■ **Exercise description**: The response must contain every line below in which "Stock" appears.

■ **Entries supplied**:
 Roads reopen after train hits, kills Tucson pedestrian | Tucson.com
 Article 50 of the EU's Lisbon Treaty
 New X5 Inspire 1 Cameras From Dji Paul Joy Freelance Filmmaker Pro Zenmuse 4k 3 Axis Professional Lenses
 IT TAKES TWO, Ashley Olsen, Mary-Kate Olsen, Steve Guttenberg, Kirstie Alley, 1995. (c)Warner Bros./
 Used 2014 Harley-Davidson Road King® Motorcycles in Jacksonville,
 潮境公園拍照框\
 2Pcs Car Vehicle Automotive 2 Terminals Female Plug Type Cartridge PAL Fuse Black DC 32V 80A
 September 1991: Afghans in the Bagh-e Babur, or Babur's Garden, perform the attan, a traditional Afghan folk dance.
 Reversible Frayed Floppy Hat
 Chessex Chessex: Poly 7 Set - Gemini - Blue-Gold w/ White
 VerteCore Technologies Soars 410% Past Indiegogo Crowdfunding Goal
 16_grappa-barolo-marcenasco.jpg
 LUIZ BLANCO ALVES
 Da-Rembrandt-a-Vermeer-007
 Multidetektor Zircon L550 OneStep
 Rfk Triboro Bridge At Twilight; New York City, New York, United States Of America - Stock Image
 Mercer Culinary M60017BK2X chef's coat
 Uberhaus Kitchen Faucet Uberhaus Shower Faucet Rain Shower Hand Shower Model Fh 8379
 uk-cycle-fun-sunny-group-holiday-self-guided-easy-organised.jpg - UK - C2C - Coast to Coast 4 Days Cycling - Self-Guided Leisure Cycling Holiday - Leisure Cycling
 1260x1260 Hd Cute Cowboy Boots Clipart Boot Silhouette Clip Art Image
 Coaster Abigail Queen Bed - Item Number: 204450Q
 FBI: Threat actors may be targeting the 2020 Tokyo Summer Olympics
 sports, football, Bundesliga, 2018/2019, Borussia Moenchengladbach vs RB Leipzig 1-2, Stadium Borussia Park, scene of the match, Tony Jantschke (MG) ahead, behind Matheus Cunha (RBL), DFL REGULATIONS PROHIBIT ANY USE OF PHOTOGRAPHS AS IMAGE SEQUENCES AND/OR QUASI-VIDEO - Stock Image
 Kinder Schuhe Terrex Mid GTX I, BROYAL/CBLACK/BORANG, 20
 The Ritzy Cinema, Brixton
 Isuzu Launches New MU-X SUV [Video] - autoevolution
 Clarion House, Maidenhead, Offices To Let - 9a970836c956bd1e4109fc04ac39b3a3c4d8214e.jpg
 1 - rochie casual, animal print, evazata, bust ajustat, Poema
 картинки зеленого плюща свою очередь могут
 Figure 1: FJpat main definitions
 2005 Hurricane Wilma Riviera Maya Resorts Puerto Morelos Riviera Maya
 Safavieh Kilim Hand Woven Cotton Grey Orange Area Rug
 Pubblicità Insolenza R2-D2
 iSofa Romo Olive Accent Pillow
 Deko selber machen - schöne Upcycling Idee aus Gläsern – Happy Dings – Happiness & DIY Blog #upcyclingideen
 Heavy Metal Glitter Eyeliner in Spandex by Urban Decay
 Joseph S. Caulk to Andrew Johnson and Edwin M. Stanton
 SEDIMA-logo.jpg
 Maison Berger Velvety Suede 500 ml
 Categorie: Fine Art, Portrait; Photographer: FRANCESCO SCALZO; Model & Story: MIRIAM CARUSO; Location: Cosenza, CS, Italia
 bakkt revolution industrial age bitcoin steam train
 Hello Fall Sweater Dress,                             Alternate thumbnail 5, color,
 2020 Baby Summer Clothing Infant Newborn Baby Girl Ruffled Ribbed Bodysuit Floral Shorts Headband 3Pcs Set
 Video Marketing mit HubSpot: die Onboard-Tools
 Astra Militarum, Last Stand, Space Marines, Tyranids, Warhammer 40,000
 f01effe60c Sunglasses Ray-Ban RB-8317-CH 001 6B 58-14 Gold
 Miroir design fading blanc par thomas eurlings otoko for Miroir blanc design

■ **Task response**:
 Rfk Triboro Bridge At Twilight; New York City, New York, United States Of America - Stock Image
 sports, football, Bundesliga, 2018/2019, Borussia Moenchengladbach vs RB Leipzig 1-2, Stadium Borussia Park, scene of the match, Tony Jantschke (MG) ahead, behind Matheus Cunha (RBL), DFL REGULATIONS PROHIBIT ANY USE OF PHOTOGRAPHS AS IMAGE SEQUENCES AND/OR QUASI-VIDEO - Stock Image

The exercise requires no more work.